Когда спектакль закончился, зрители ещё какое-то время сидели тихо, а потом вскочили с мест, закричали и зааплодировали. Актёрам под ноги полетели цветы.
После представления афиняне не торопились расходиться, они увлечённо обсуждали пьесу и игру актёров. Только некоторые зрители потянулись к выходу. И никто не обратил внимания на усиливающуюся духоту и тёмное беззвёздное небо. Вскоре над Афинами послышались раскаты грома и засверкали молнии. Крупный град, величиной с голубиное яйцо, вначале редко, а потом всё чаще стал падать на землю. Люди, прикрываясь зонтиками от солнца, в панике побежали из амфитеатра.

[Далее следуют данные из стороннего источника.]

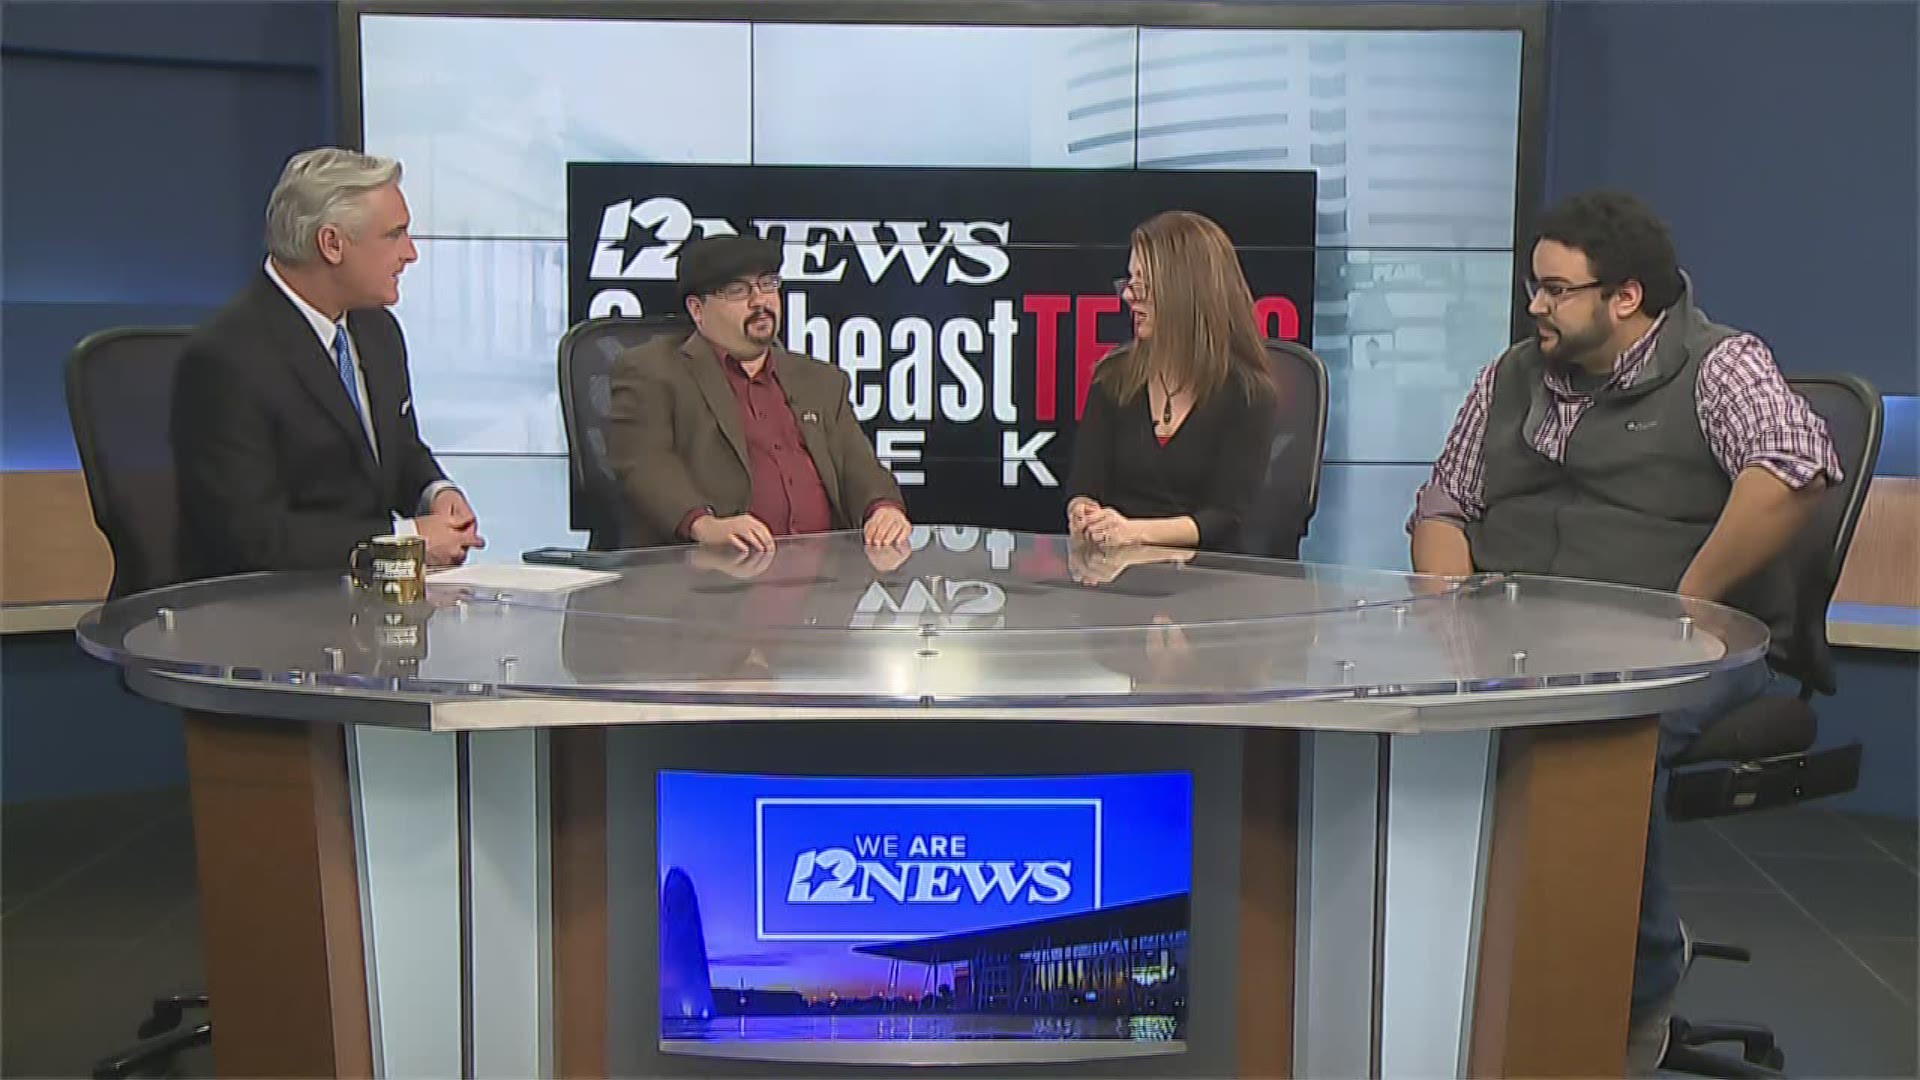 Southeast Texas Weekly is a political round table featuring Southeast Texans. 12News' Kevin Steele hosts along with guests, Michael Lindsay, Kent Batman, Jeff Lewis, Louis Ackerman, Kristy Wendler, David Covey & Fernando Ramirez

Внезапно чёрный купол неба на два лоскута разорвала длинная огненная дуга и своим острым концом вонзилась в деревянную пристройку за скеной. Сразу же на месте пристройки запылал огромный факел. Чёрный дым ветер понёс в сторону убегающих зрителей. Это было грозное зрелище: в тёмном небе беснуются молнии, грохочет гром, едкий дым стелется по земле. Обезумевшие от страха люди любой ценой прорывались к выходу. Сильные отталкивали слабых. В толпе уже были первые жертвы.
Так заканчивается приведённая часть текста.